Brazilian gangster (born 1967)

Luiz Fernando da Costa (born 4 July 1967), better known as Fernandinho Beira-Mar ("Seaside Freddy"), is a Brazilian criminal and theologian, known for being one of the leaders of Comando Vermelho. In the mid-1990s until his prison in 2001, Beira-Mar rose to become one of the biggest drug and arms traffickers in Latin America, and he has since been held responsible for hundreds or thousands of acts of torture and murder related to the drug war in Rio de Janeiro.

While in prison, he studied theology through distance learning at the Baptist Theological Faculty of Paraná, graduating with the monograph Jesus Christ: Example of Life and Source of Wisdom, in which he criticizes globalization, capitalism, and consumerism.

== Biography ==
Luiz Fernando da Costa was born in the Beira-Mar favela, in Duque de Caxias, Rio de Janeiro, on July 4, 1967. He was raised by his mother, housewife and cleaner Zelina Laurentina da Costa, and never knew his father. He was an altar boy at the Church of São Pedro for three years, and was considered a diligent student at school.
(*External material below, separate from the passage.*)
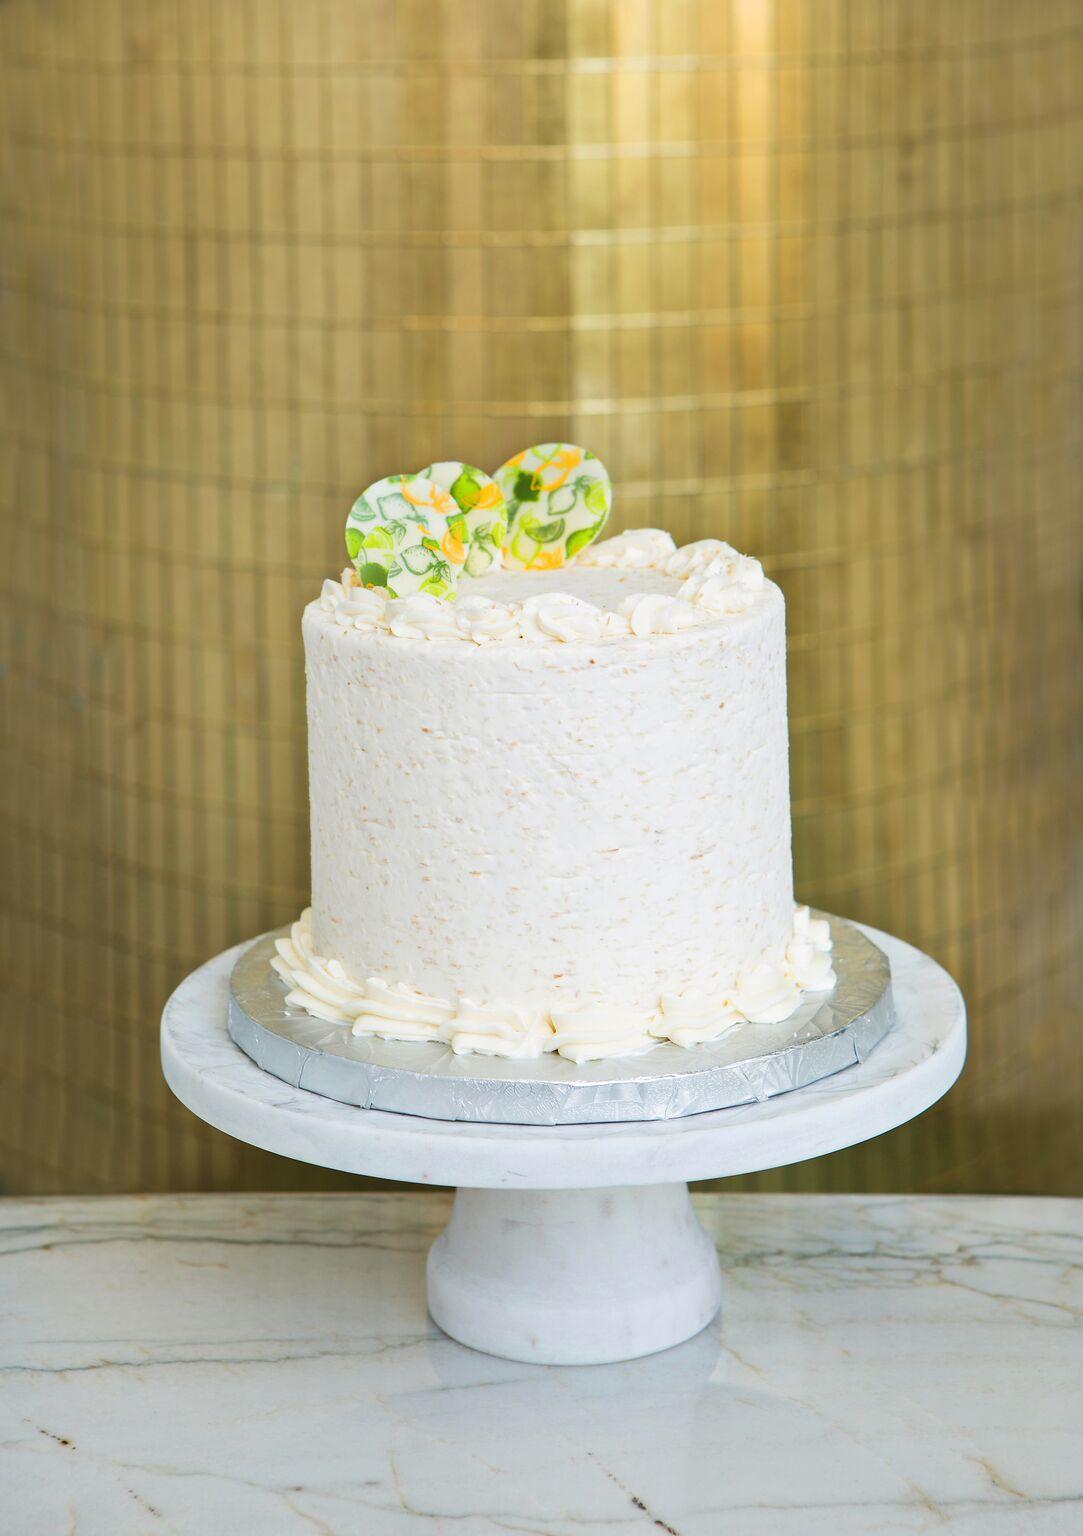 Cake - Key Lime Coconut #SweetnessAtChezBonBon #Miami #Fontainebleau

At the age of 18, he was serving in the Brazilian Army when he learned that his mother had been run over and killed while trying to cross the Washington Luiz highway, which cuts through the favela.

Fernandinho entered the world of crime while still in the Army, being caught in the act of robbing a business in Duque de Caxias on November 12, 1986. Following that, he was arrested by the Civil Police and expelled from the Army, where he had already faced disciplinary punishment for committing various internal infractions. After two years in prison, he continued his criminal career by robbing jewelry stores and supplying cocaine to several favelas in Rio de Janeiro. By 1996, he had assets worth R$10 million in real estate, bank accounts, and cars.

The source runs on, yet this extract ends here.